Congress blocks Bush energy proposals
Parts of President W. Bush’s new energy plan have already met with firm resistance in the Republican-controlled Congress, and from a federal judge in California who ruled out new oil drilling off the state’s coast.
The House of Representatives voted by 242 to 173 to prohibit new oil, gas and coal exploration in millions of acres of national monuments, by 247 to 164 to block oil and gas exploration off the coast of Florida, key parts of Bush’s policy of boosting domestic energy production contained in his recently-unveiled energy plan (see related story). In a separate move which could further harm the proposed plan, a District Court judge in Oakland has ruled out oil exploration in undeveloped tracts in federal waters off the California coast until the California Coastal Commission reviews the impact on water quality, marine life, air quality and scenic vistas. In Washington, federal deputies also voted 216 to 194 to prevent further review or alteration of tough Clinton administration restrictions on hardrock mining on government land.
When the proposed bills, which had the backing of the Bush Administration, go to the Democrat-controlled Senate they may face an even steeper challenge and coincided with a New York Times/CBS News poll of 1,000 people showing that only 39% approved of the president’s environmental policies and only 33% favoured his approach to the nation’s energy problems.

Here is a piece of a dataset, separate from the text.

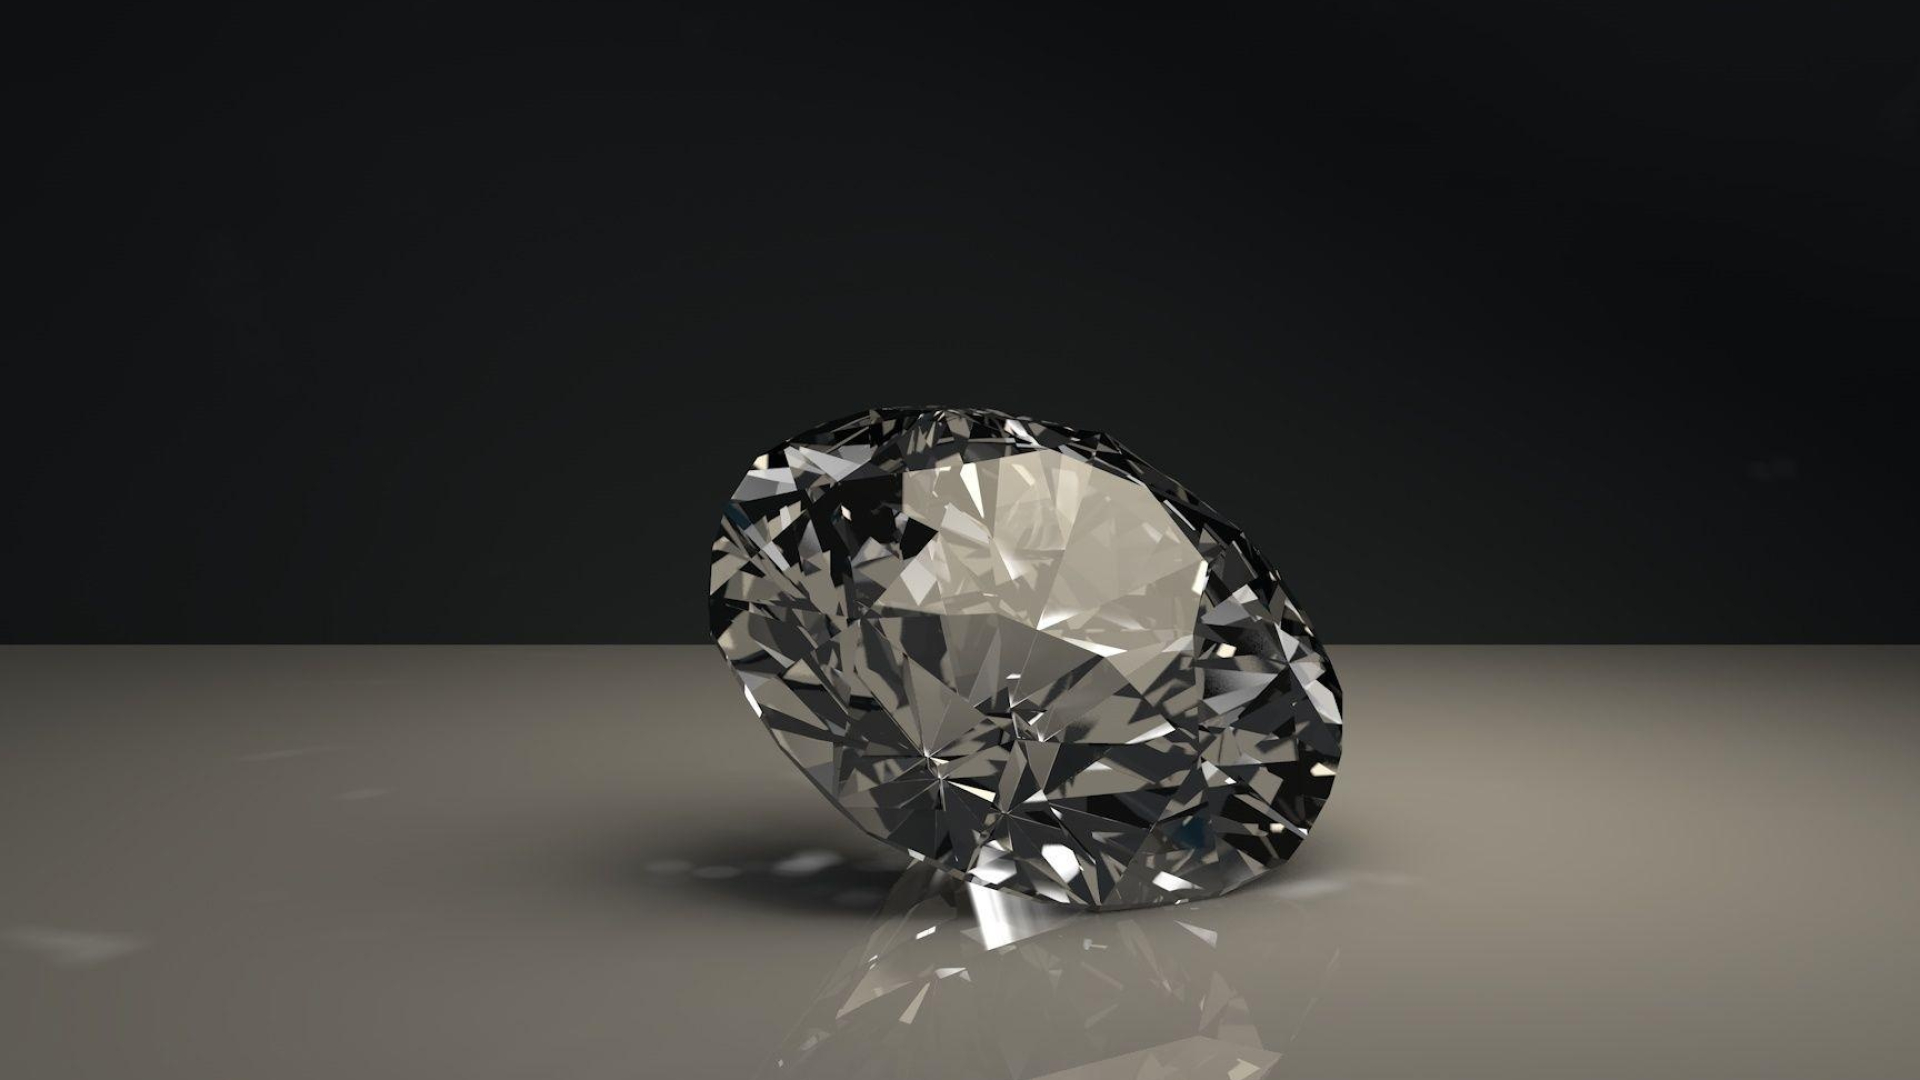 Diamond Other, Exquisite diamonds, Stunning gemstones, Luxurious jewelry, 1920x1080 Full HD Desktop
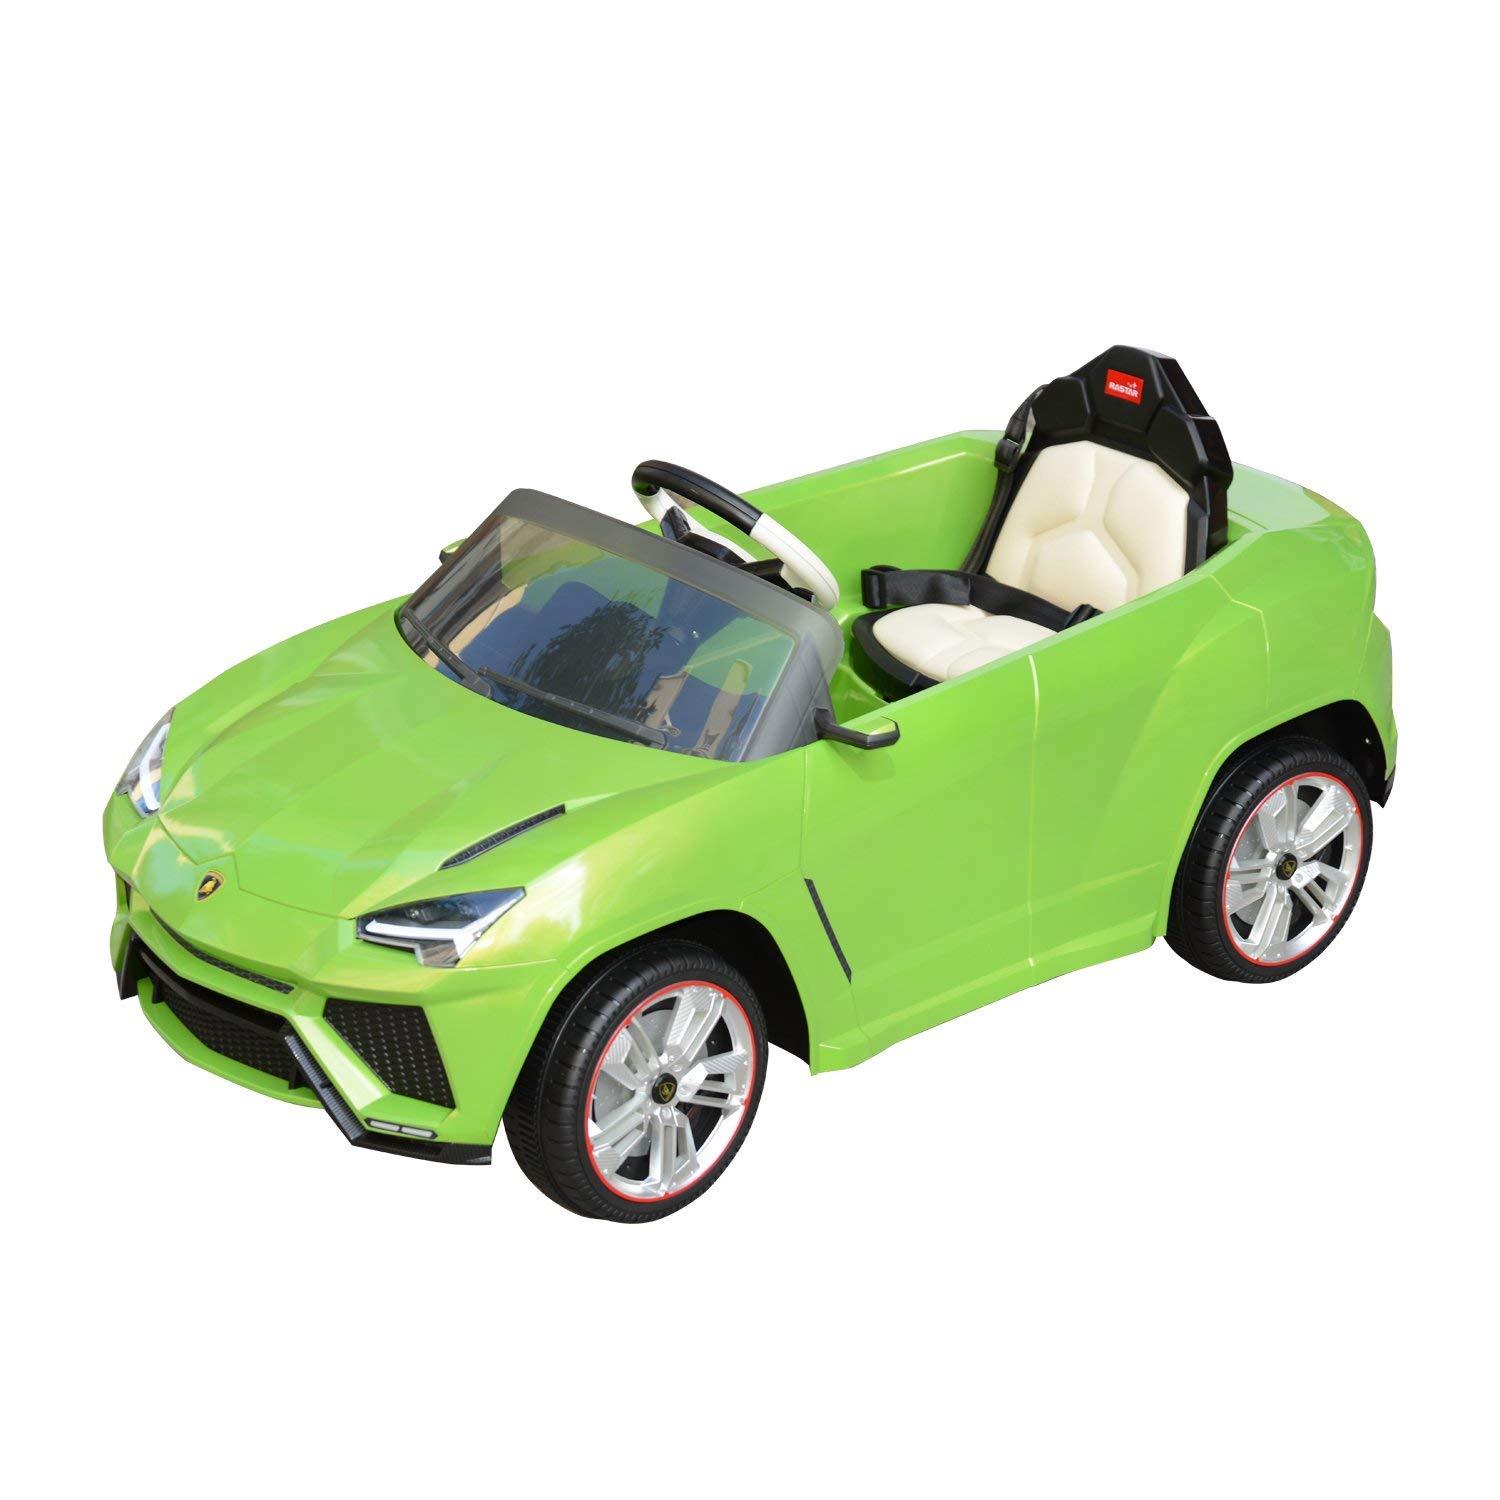 Green toy car photo

Forty-seven Republicans voted with Democrats to scrap amendments to the Department of the Interior’s spending bill proposing to allow new energy exploration in national monuments, following reports of significant reserves of coal, gas and oil in five monuments designated by President Clinton. Seventy Republicans broke ranks to side with the opposition to block final lease agreements between the Department of the Interior and energy companies wishing to develop a vast area in the eastern Gulf of Mexico, off the Florida coast. Opposition to the plan, contained in the Interior Department’s spending bill, had even come from the President’s brother, Florida Governor Jeb Bush.
“Offshore oil and gas drilling is simply not compatible with Florida’s unique and fragile coastline,” commented Mark Ferrulo, Director of Florida’s division of the NGO Public Interest Research Group. “The message sent to the Bush administration could not be more clear – Florida’s beaches are a national treasure that should be protected not exploited. It’s not surprising that Representatives of both parties from states all across the nation whose constituents vacation and recreate on our beaches agree.”
In a further embarrassment, the House also defeated proposals for hardrock mining on federal lands which would reverse Clinton Administration rules that would require mining companies to pay for clean-up of their sites. The rules, which were four years in consultation, would also enable the federal government to prohibit new mine sites on sensitive federal land and prevent mining pollution, such as cyanide and arsenic, from contaminating rivers and streams.
“This clearly demonstrates that the majority of Congress, by a sizable margin, is environmentally sensitive and wants [the administration’s] policy to recognise that,” commented the Republican deputy Sherwood L. Boehlert. However, the Bush Administration said that the bills were all matters they were continuing to review and assured that the president’s priorities would be “reflected in the final legislation”.
Meanwhile, Judge Claudia Wilken has ruled that federal law allows California to decide whether drilling for vast untapped oil reserves of the coast is consistent with the state’s coastal protection law. State Governor Gray Davis, together with several environmental groups, filed a lawsuit two years ago to block development of 36 offshore oil leases which were leased between 1968 and 1984. Although both state and federal legislation prohibits new exploration, it does not apply not previously leased tracts, which the Department of the Interior recently decided to allow.